The call center was a cost center. Cost of the time the rep was on the phone was a higher priority than Tiffani’s problem. It wasn’t the rep’s fault. He simply was following procedures put in place by his leadership.

“The metric is what drives that behavior. He hung up on me every 29 minutes because he can’t be on the phone longer than 30, because somebody made that brilliant decision that I am a X dollar a month customer and a consumer. I sort of behave like a small business in my house based on how much pipe I have coming in and everything I have going on. But because I’m in the consumer business they treat me that way, and he has to get off the phone every 29 minutes. So, someone made a decision he can’t stay on the line.”

Context is King

Tiffani challenged us to ask what your customers expect from companies like yours. Smaller companies often have an advantage here because there are fewer silos and they can move faster. Larger companies are often hamstrung by complexity, which gets the best of them and makes it harder for them to truly wow their customers.

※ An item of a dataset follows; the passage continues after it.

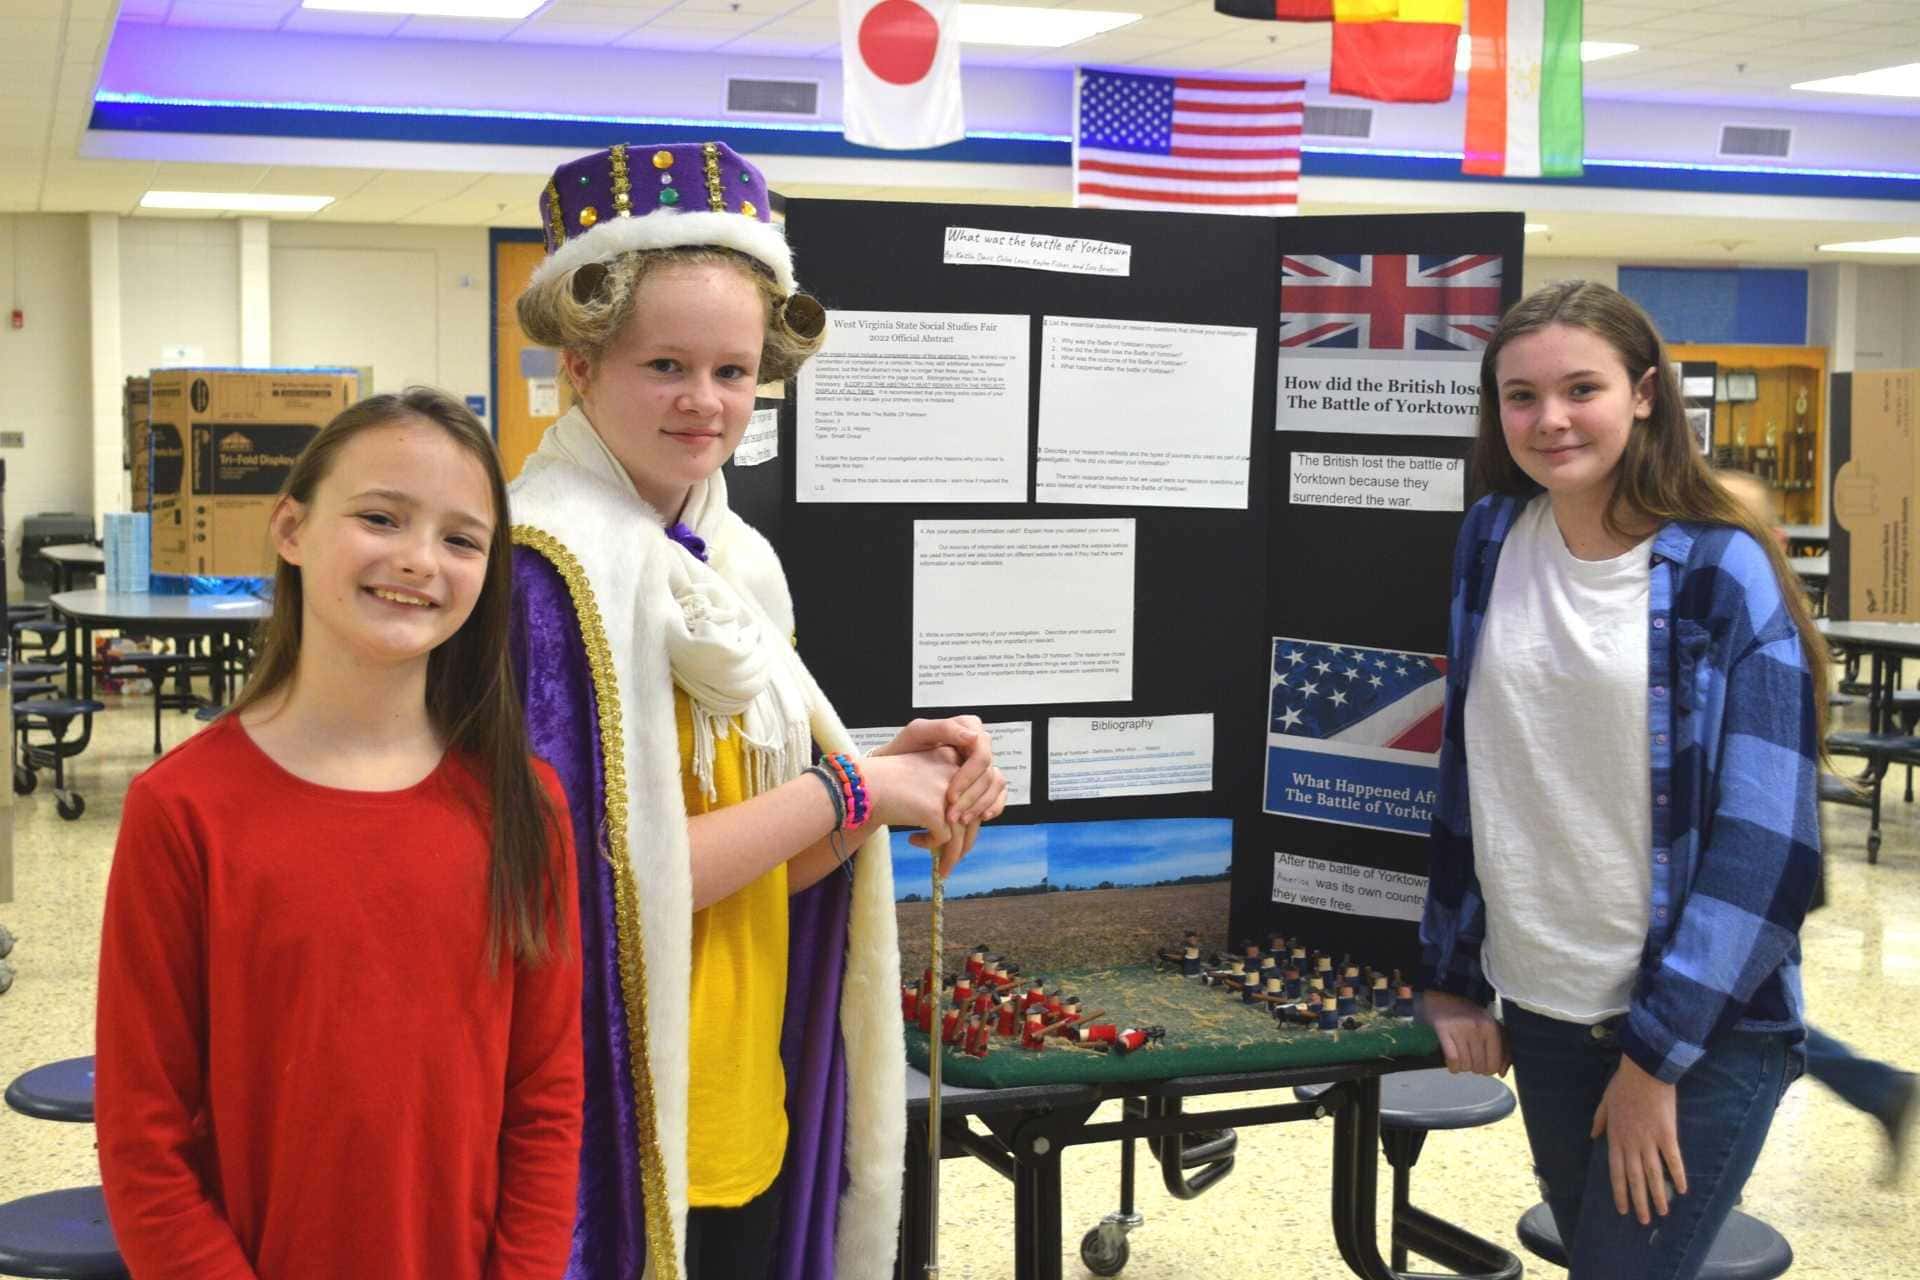 The Battle of Yorktown was one of the projects featured at Saturday’s Upshur County Social Studies Fair. Buckhannon-Upshur Middle School 6th grade students Kaitlin Davis, Isabella Bowers and Kaylee Fisher said they were inspired by the movie ‘Hamilton.’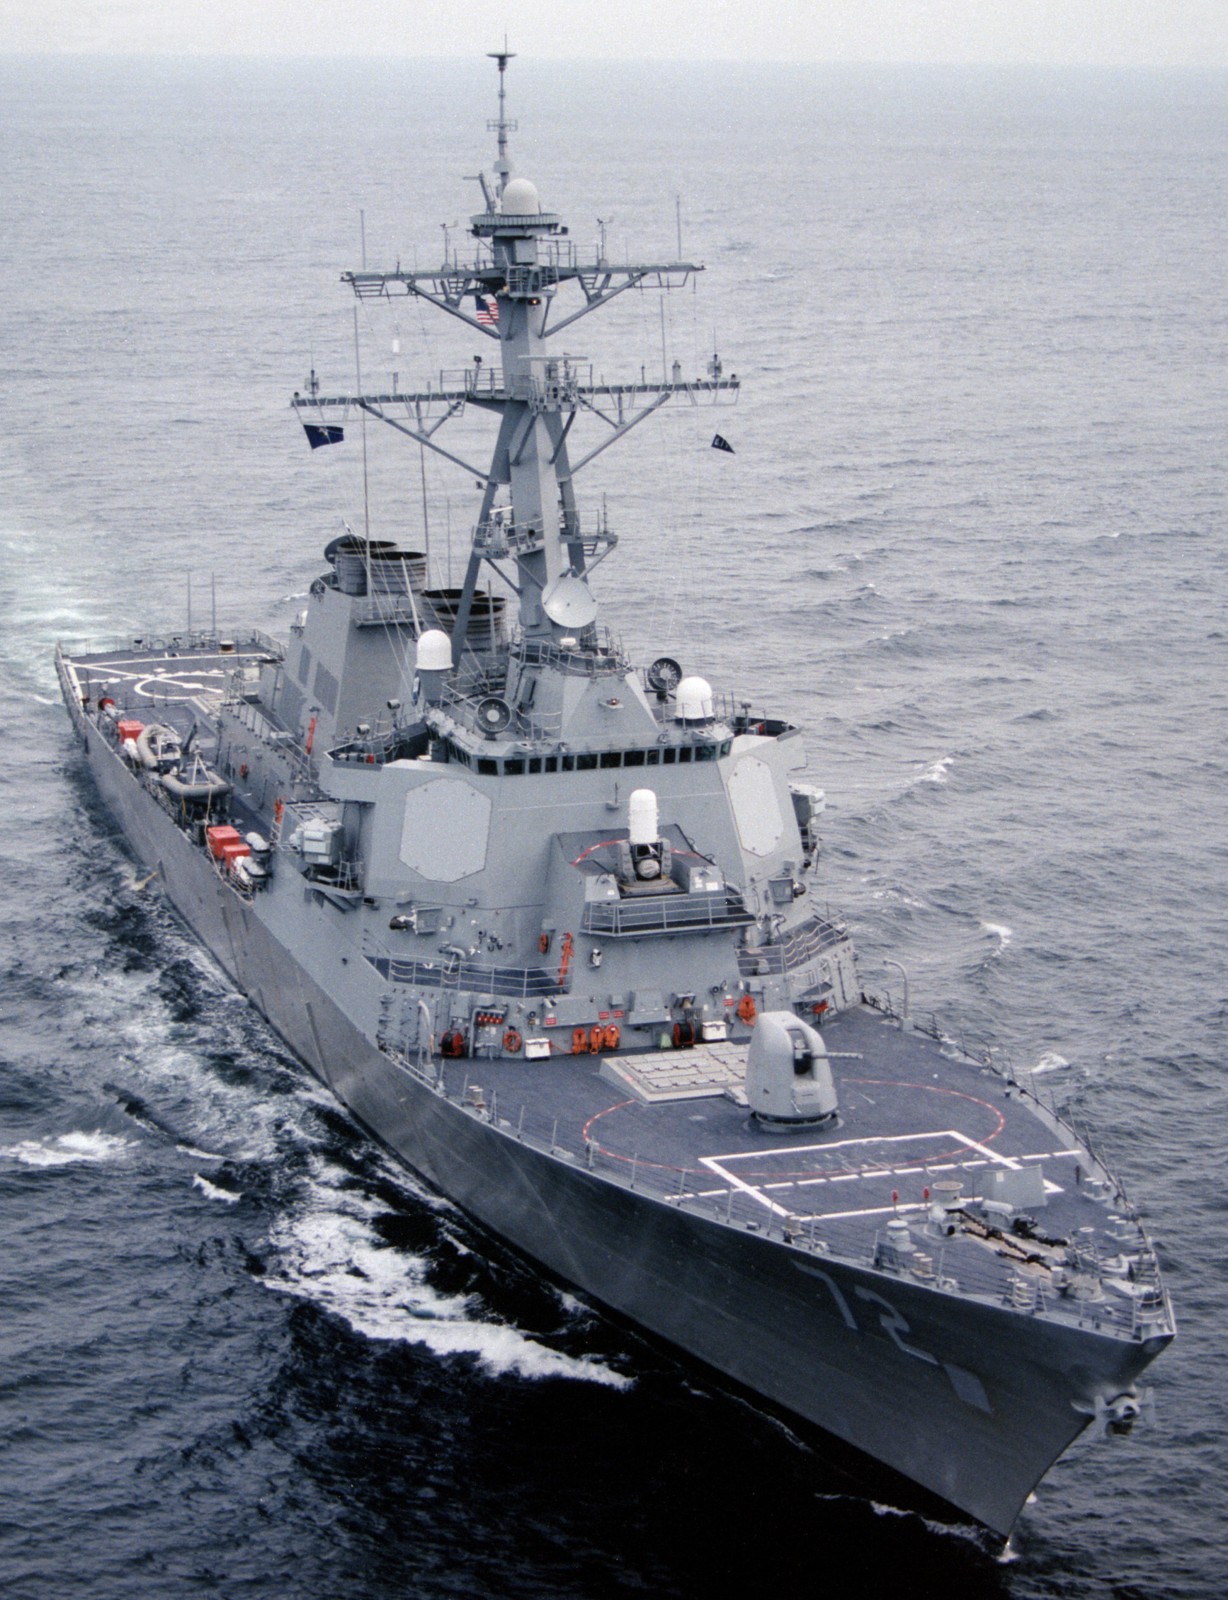 ddg-72 uss mahan guided missile destroyer arleigh burke class aegis bmd 52 trials 1997

To understand what’s going on in the marketplace, you have to approach customer centricity from the outside in. Tiffani gave an example of how Amazon always has an empty chair in every meeting to represent the customer.

Tiffani also reminded us that it’s ok to course correct. Even with best efforts, you won’t meet 100% of your customer’s expectation 100% of the time.

B2E

Tiffani remarked about how the lines of B2B and B2C are increasingly blurring. She suggested removing the consumer or business part and really focusing on what you should be expected to have as a business.

After listening to Tiffani share her wisdom, our biggest takeaway is that our customer is in the driver’s seat and expect us to deliver a consumer-like experience in a business setting.